Using the same approach for Box Office Revenue we get the model:

| G    | Not Rated  | PG   | PG-13  | R     | Action  | Adventure  | Animation  | Comedy  | Crime  | Drama  | Family  | Fantasy  | Horror |
|------|------------|------|--------|-------|---------|------------|------------|---------|--------|--------|---------|----------|--------|
| 47.6 | -65.0      | 14.5 | 24.6   | -21.7 | 4.8     | 36.5       | 91.3       | -38.4   | -28.6  | -41.3  | 41.8    | 12.2     | -28.0  |

| Intercept | Musical  | Mystery  | Romance  | Sci-Fi  | Thriller  | War  | Western  | A   | B    | D    | F    | S   |
|-----------|----------|----------|----------|---------|-----------|------|----------|-----|------|------|------|-----|
| 79.9      | -35.2    | -1.4     | -36.7    | 21.4    | -11.7     | -7.8 | 21.2     | 1.4 | -0.3 | -1.1 | -0.1 | 0.7 |

In Millions - this model tells us that starting with around 80 Million as your baseline domestic box office revenue. Having a PG-13 rating or milder gives your movie more widespread appeal and increases your revenue. There does not seem to be any rhyme or reason why this model ascribes some genre's to be box office poison. But once that number is set. You'll lose up to 1.1 Million dollars for every D-word in the script but gain 1.4 million dollars for every permutation of the A-word. 

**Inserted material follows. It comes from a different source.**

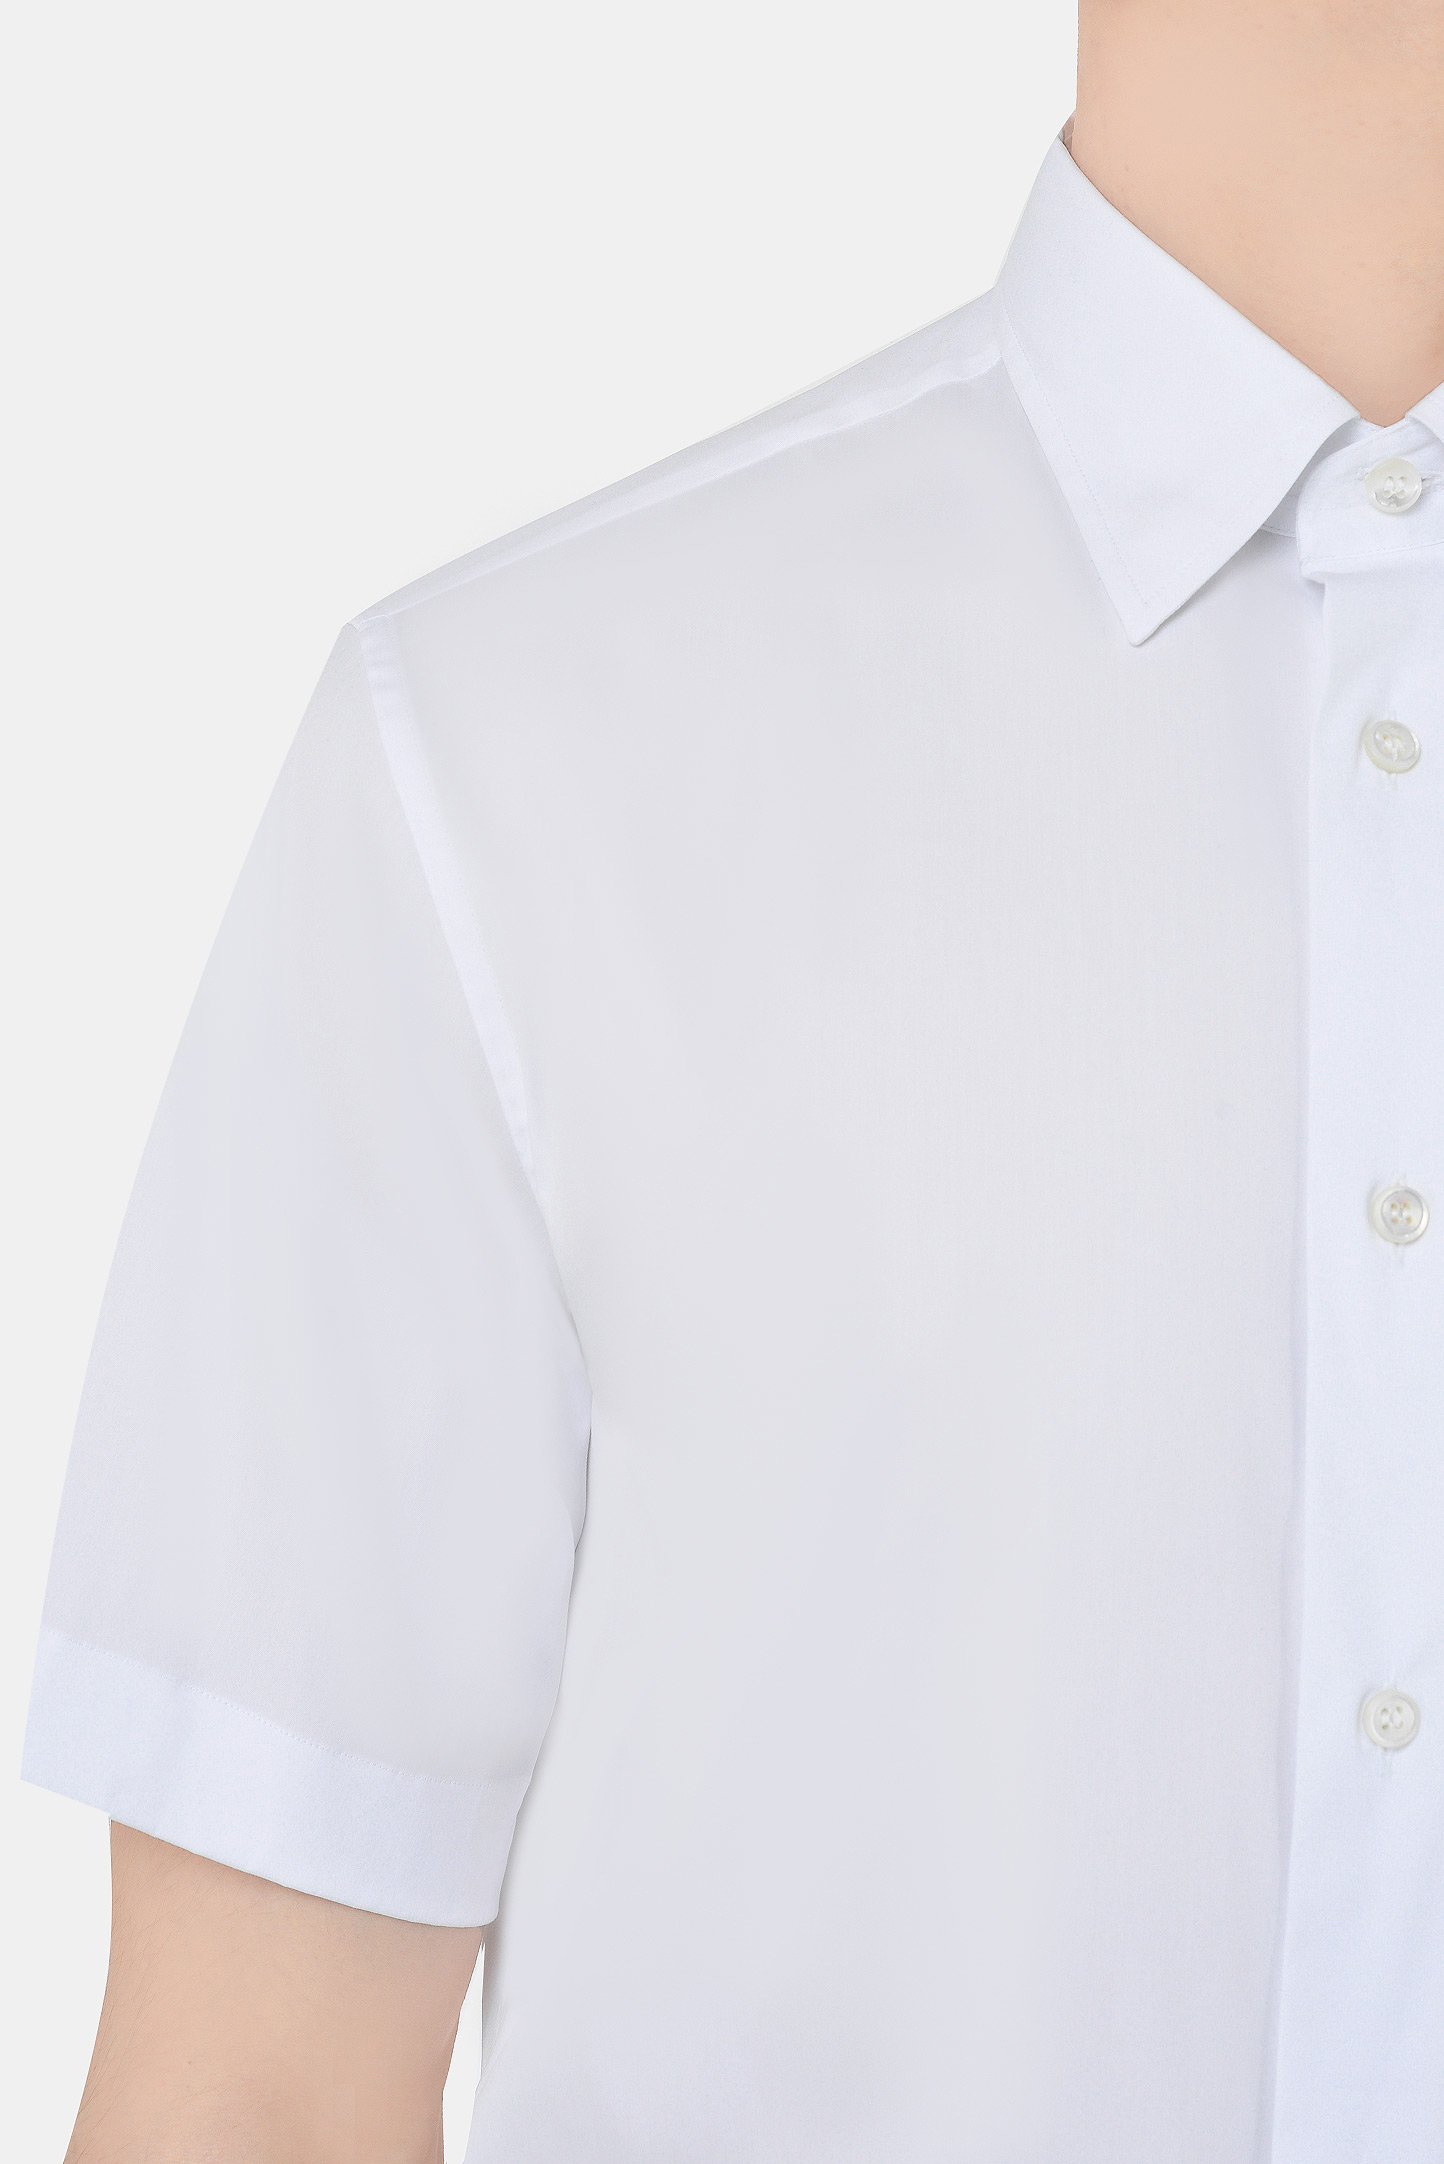 Рубашка BRIONI SCDF0L O8010, цвет: Белый, Мужской
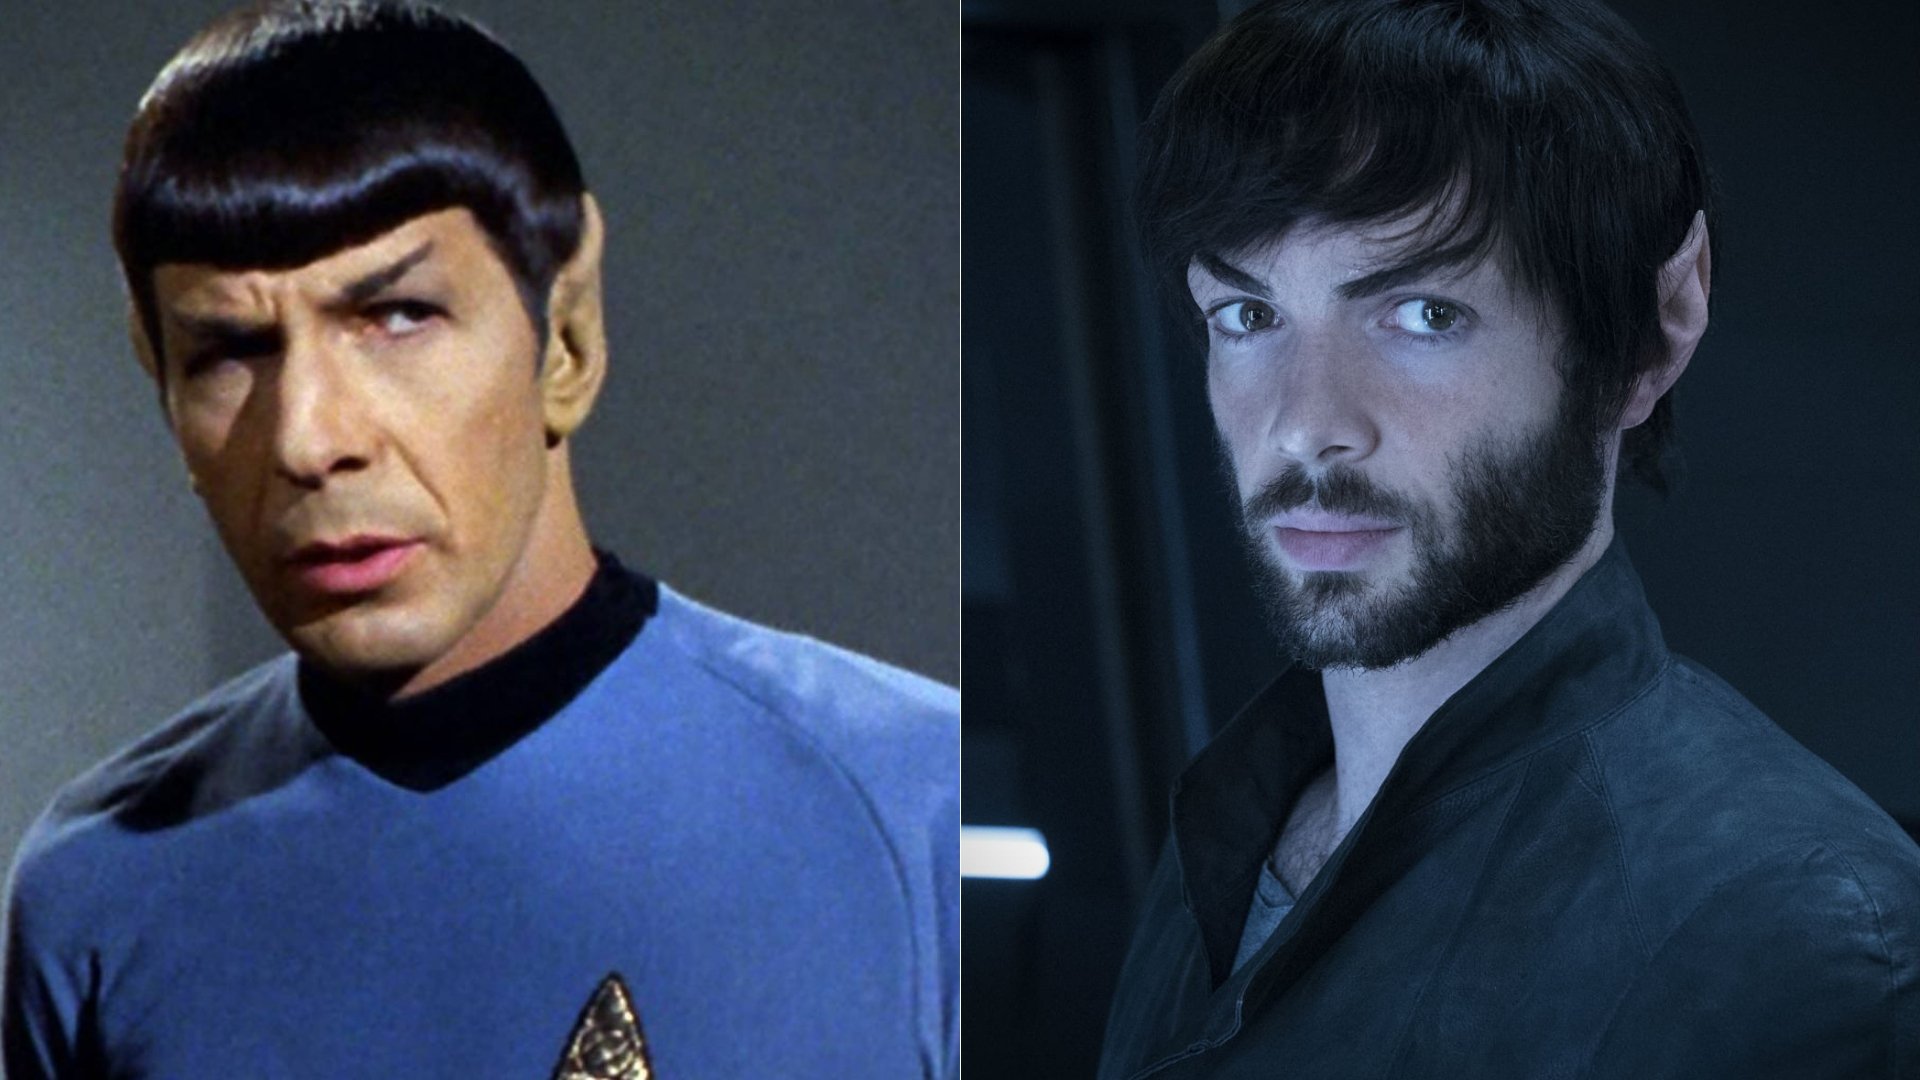 Ikona popkultury powraca. Dlaczego kochamy Spocka ze Star Treka?

Obviously, these conclusions between the relationship between profanity and Box Office Revenue and Critical Reception are completely ludicrous. Very likely - there are tons of other predictors that are missing from these two calculations that cannot be even marginally captured by simply having the number of counts of each swear word in a script. 

<h3>Final Results</h3> 

To conclude - while we were able to find how many F-words it takes to be unsalvageably rated as R, we were not able to reasonably determine the direct cause of a swear word on critic score or domestic Box office revenue. This make sense, the amount of profanity a movie has directly flavors its content, and that flavoring might make it too spicy for some audiences. The tree model (however still inaccurate) helps us identify profanity breakpoints where PG-13 becomes R, and does a reasonable job predicting ratings. Box office revenue, on the other hand is a less direct response for our chosen predictors, and is more likely to be influenced by factors not present in the data set such as number of high-profile competing films or current economic cycle. And even though the quality of a screenplay is definitely taken into consideration by critics when evaluating a movie's quality, modern films predominantly use sight and sound as mediums to tell story. Both of which fall outside the purview of the data that we have collected.  

It seems that Patrick Star was correct to a certain extent. Profanity definitely adds 'flavor' to a sentence or script. Flavor that might be deemed too spicy for certain audiences. But that spiciness isn't so much so that it is capable of influencing millions of dollars or sway entire hordes of critics. Perhaps it is a good thing to know that there is a limit on much disproportionate influence the Pareto Principal can have.